Design/methodology/approach
The author employs neo‐liberalism and its related mentality of governmentality to develop an analysis of how corporate governance and reforms such as SOX are socially constructed through autonomous agents, including managers and accountants, and various power relationships that comprise government.
Findings
This paper theorizes that legislative reform, such as SOX, represents pervasive mechanisms of disclosure, surveillance and power, and an insurance rationality designed to manage the new and significant risks of corporate governance.
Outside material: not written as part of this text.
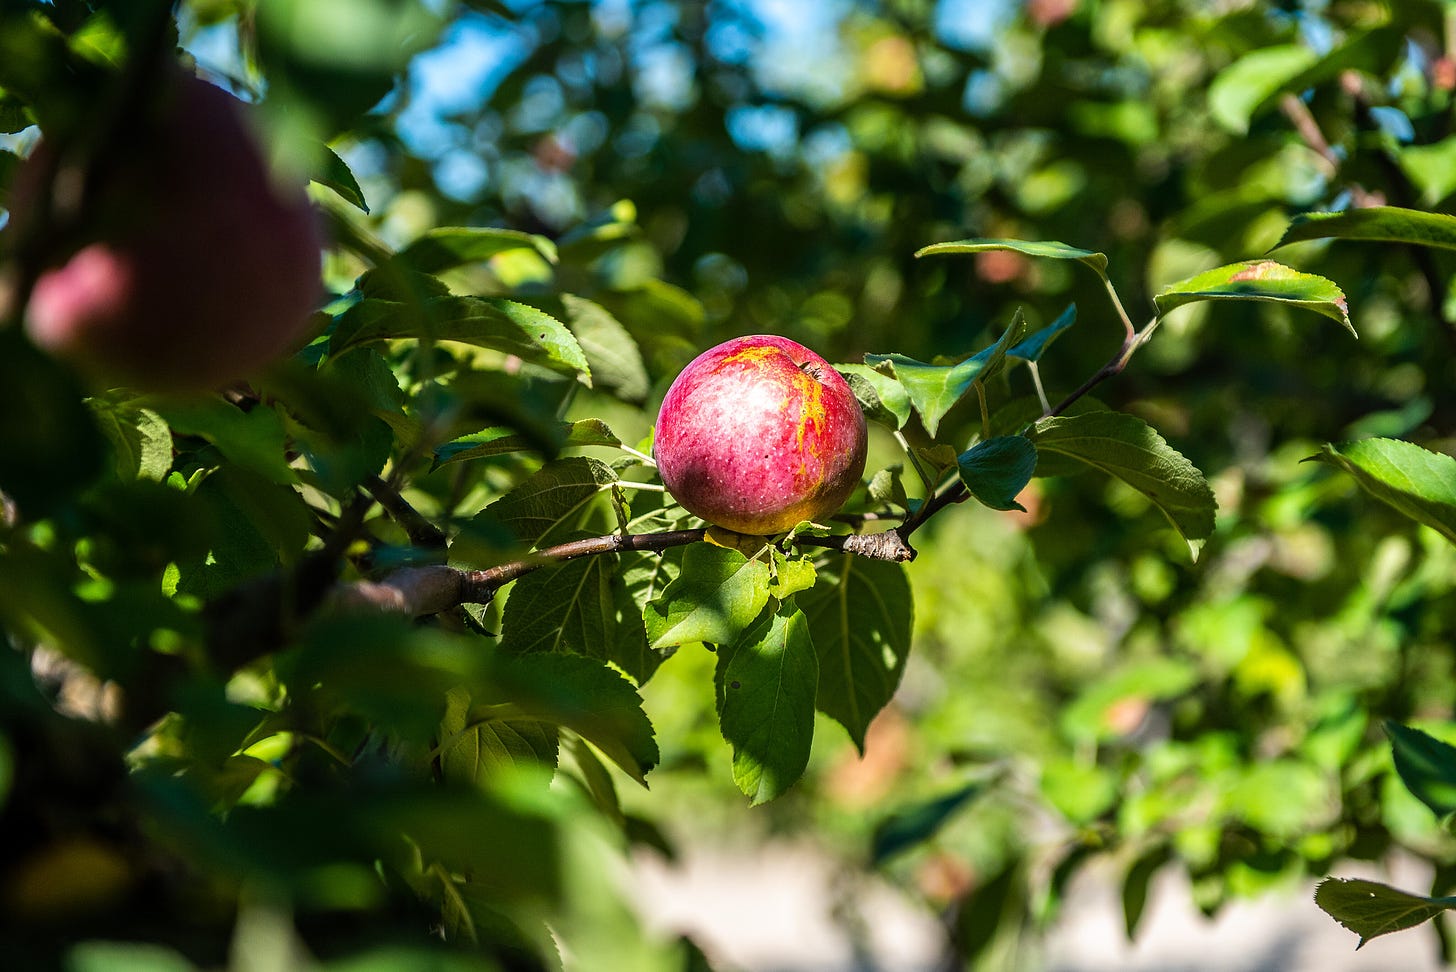 Image description: an apple on an apple tree branch. End image description.

A framework is established which conceptualizes SOX as the intersection of neo‐liberalism, political rationalities and governmental techniques, and accounting practices which lead to the elements of security, quantification and shareholder value. Through this framework a model of risk as governance is developed that examines SOX through technologies of the self, calculation and insurance, designed to act upon managers using knowledge about control or financial statement weaknesses. Such mechanisms identify corporate governance risks, which can be acted upon by outside experts, such as accountants.
Originality/value
The major inference from this paper is that corporate governance research in accounting should pursue new lines of inquiry, which will permit the more profitable extension of existing research. Such inquiry should focus less on empirical corporate governance factors and more on the relationships, and power constructs of corporate governance, as well as how legislative reforms employ tactics to normalize the behaviour of not only managers, but also accountants.